We computed ankle, muscle and tendon impedance as described previously (Jakubowski et al., 2022). Briefly, we used non-parametric system identification to estimate ankle, muscle and tendon impedance from the experimental measures of ankle angle, ankle torque and displacement of the MTJ (Fig. 2). We quantified ankle impedance as the relationship between the imposed ankle rotations and the resultant ankle torque (Kearney and Hunter, 1990). Measurement of the MTJ motion allowed us to estimate muscle and tendon impedance under the assumption that the muscle and tendon are connected in series (Hill, 1938), and that the displacement of the MTU is determined by the angular rotation of the ankle multiplied by the Achilles tendon moment arm. Our method also assumes that the proximal end of the muscle is fixed, and any movement of the MTJ is a measure of the change in muscle length. Thus, we can estimate muscle and tendon impedance from estimates of ankle impedance and the translation ratio – the relationship between MTJ displacement and the angular rotations of the ankle. Specifically, to characterize ankle, muscle and tendon impedance, we estimated ankle impedance and the translation ratio, and used these quantities to compute muscle and tendon impedance (Jakubowski et al., 2022).
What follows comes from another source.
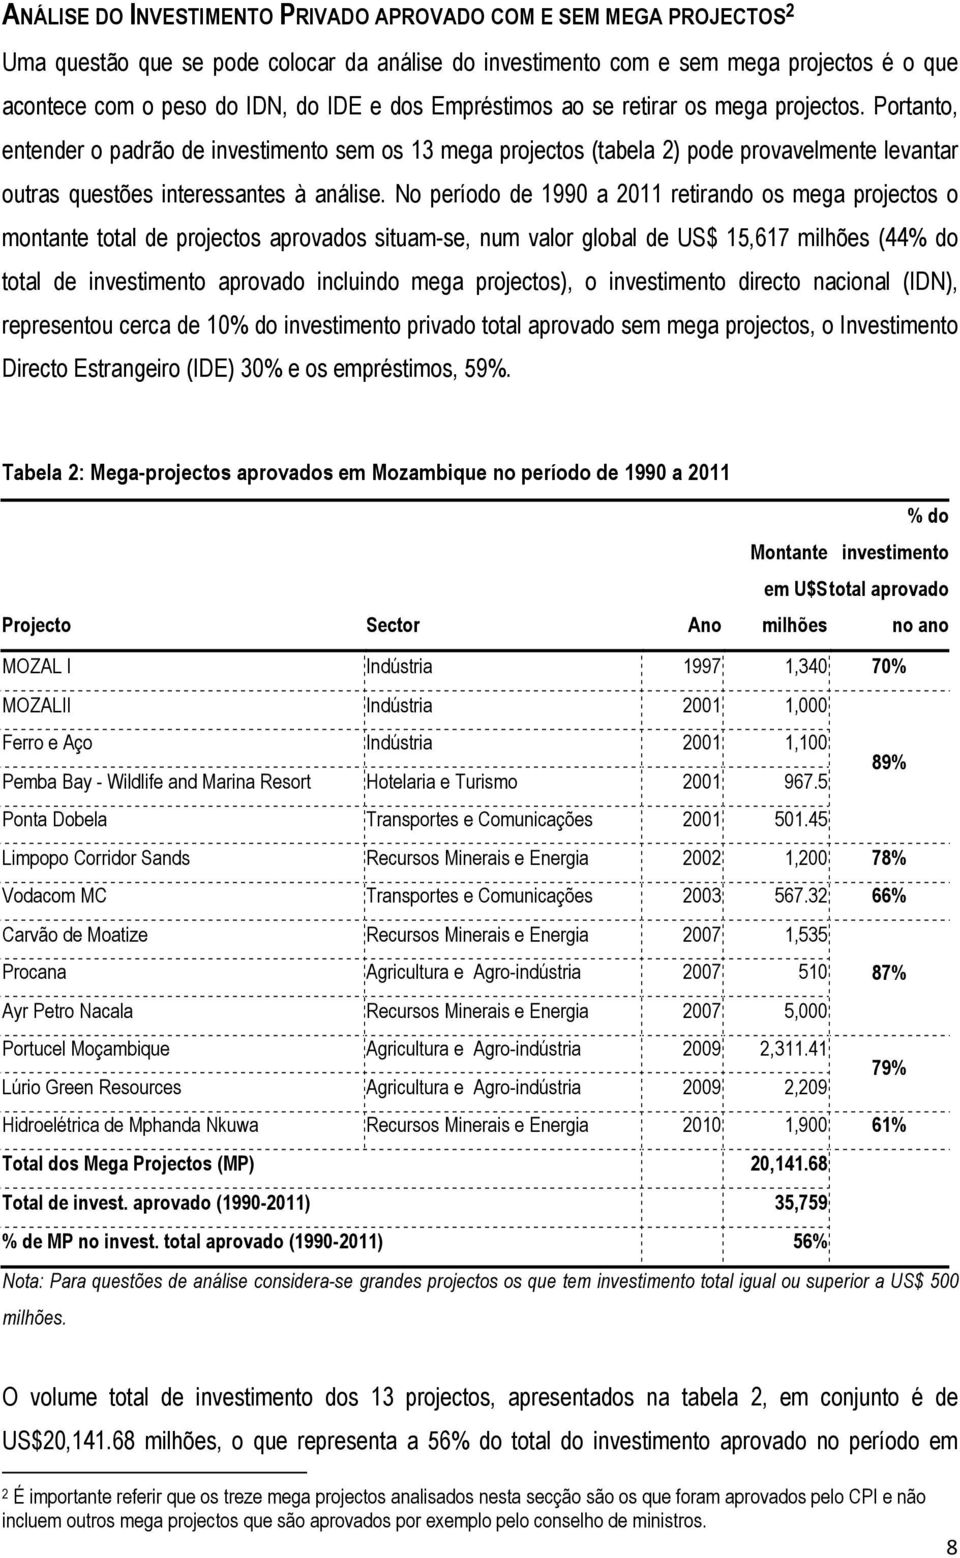 No período de 1990 a 2011 retirando os mega projectos o montante total de projectos aprovados situam-se, num valor global de US$ 15,617 milhões (44% do total de investimento aprovado incluindo mega

We previously demonstrated that the magnitude of the frequency response functions was nearly constant from 1 to 3 Hz and had a high coherence (Jakubowski et al., 2022). This indicates that stiffness was the dominant contributor to impedance over this frequency range, and our data had a high signal-to-noise ratio (Jakubowski et al., 2022). Additionally, this frequency range (1–3 Hz) is relevant to common tasks, including locomotion (Angeloni et al., 1994). As such, we computed the stiffness component of ankle, muscle and tendon impedance by averaging the magnitude of the respective frequency response functions from 1 to 3 Hz. Our primary analysis will focus on the stiffness component of impedance due to its relevance in the control of posture and movement at the ankle (Ludvig et al., 2022).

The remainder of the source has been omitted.